Whatever enhancements are available in V0.3 font files, I think it is necessary that V0.2 files are strictly compatible with those produced by my version. Otherwise, for myself and other users, drivers (in my case including two entire GUI's) will have to be re-tested and (potentially) docs amended.

By compatible I mean that invoking font_to_py with any valid set of arguments will produce a font file functionally identical to that produced by the old version when run with the same args. That doesn't mean the Python code must be identical character for character but the modules must have the same functions and the same inputs should produce the same outputs.

The ability to emit extended ASCII characters is great, but I can't see why we've lost the functionality in 3. and 4. above.

The alternative is for you to promote your fork which I will happily reference in my docs. Users then have a choice between compatibility and the very useful enhancements you have produced. Perhaps our solutions have diverged sufficiently that promoting your fork is the best answer. What's your view?

freesans.zip

peterhinch commented 7 years ago

I have updated README.md to include a recommendation to consider your fork for new projects.

One difficulty with open source projects is that it's impossible to estimate how many users your code actually has; font_to_py.py is crucial to a number of projects most of which are on GitHub.
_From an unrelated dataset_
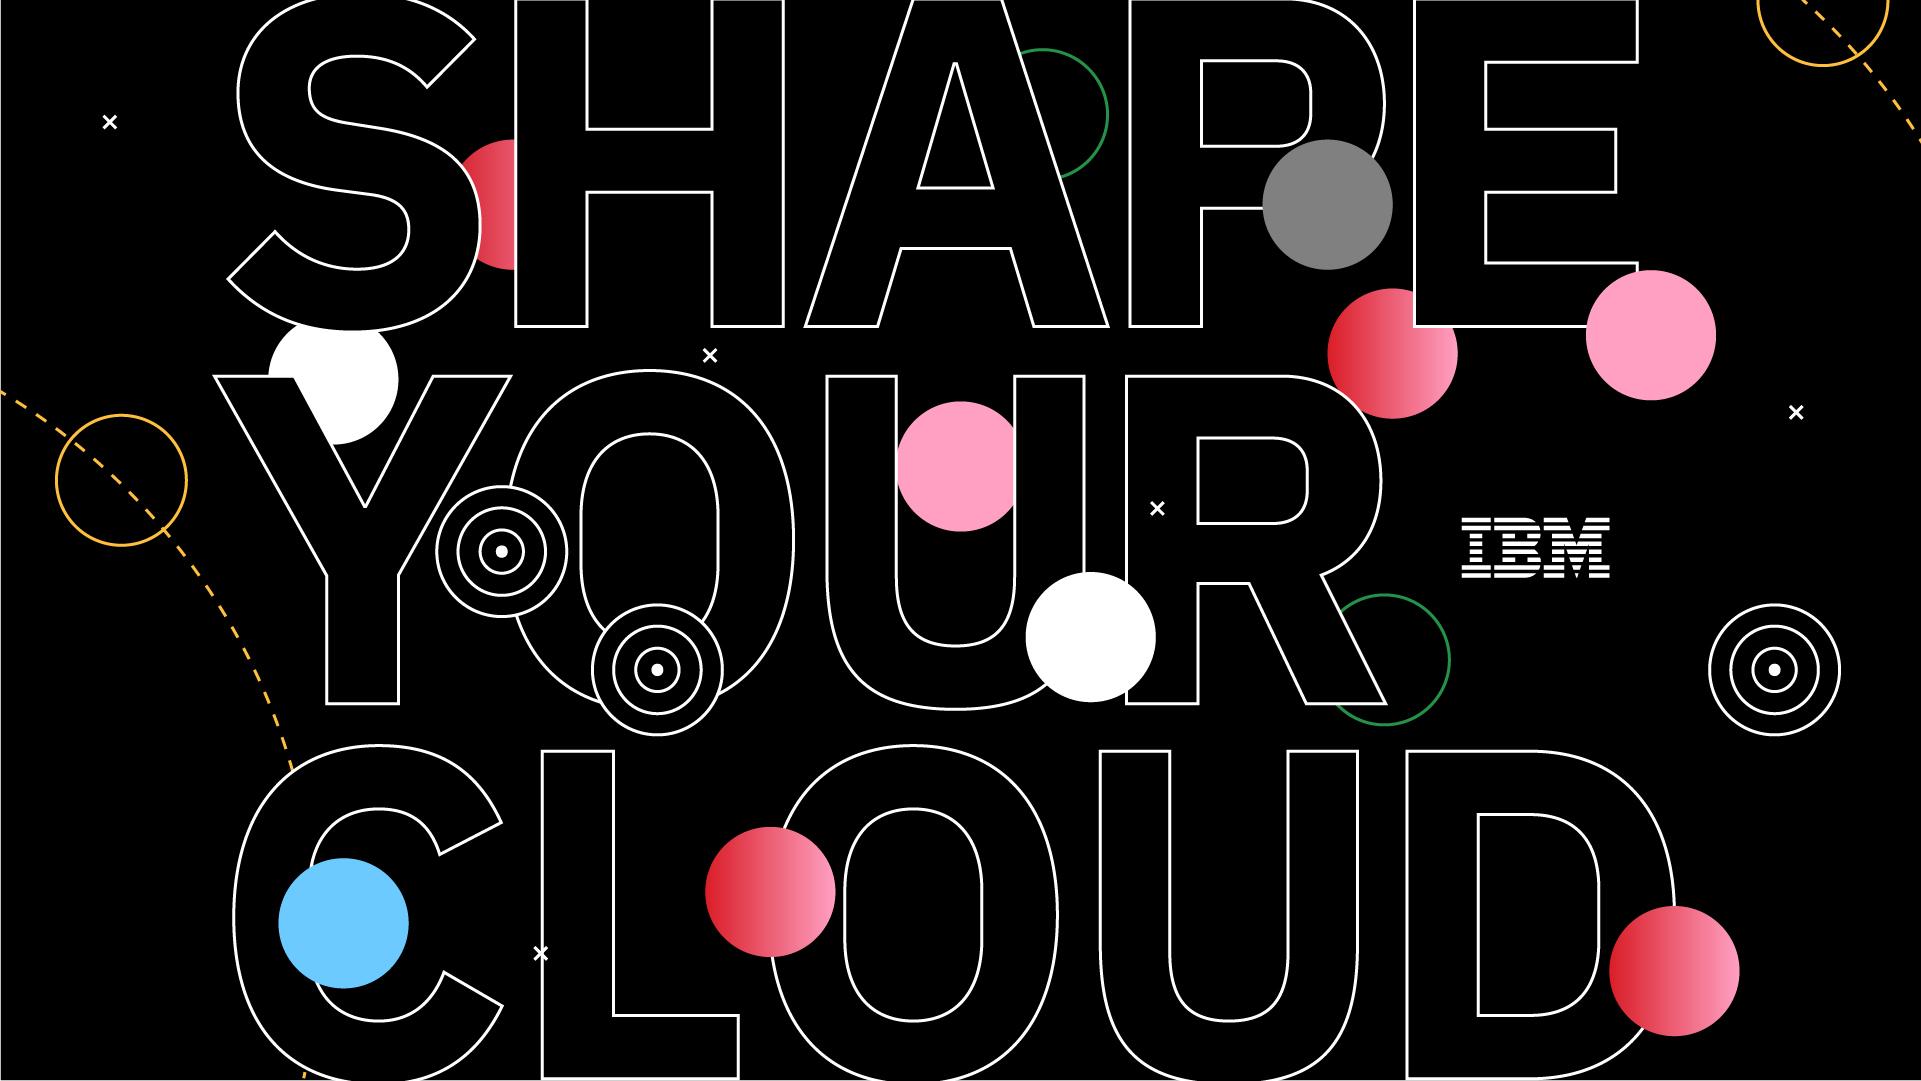 IBM_SHAPE-YOUR-CLOUD_DC_EDITS_BH_proceso_IBM-process-7.jpg

These would need modifying, presenting their users with a problem should they need to upgrade for (say) a bugfix release. Changing multiple font files is a chore, even if you have a record of how you built them initially.

So I concluded that the loss of font file compatibility was too high a price to pay for including your excellent enhancements. I should have thought this through much earlier in our discussion. My only excuse is preoccupation with other work. Please accept my apologies for this.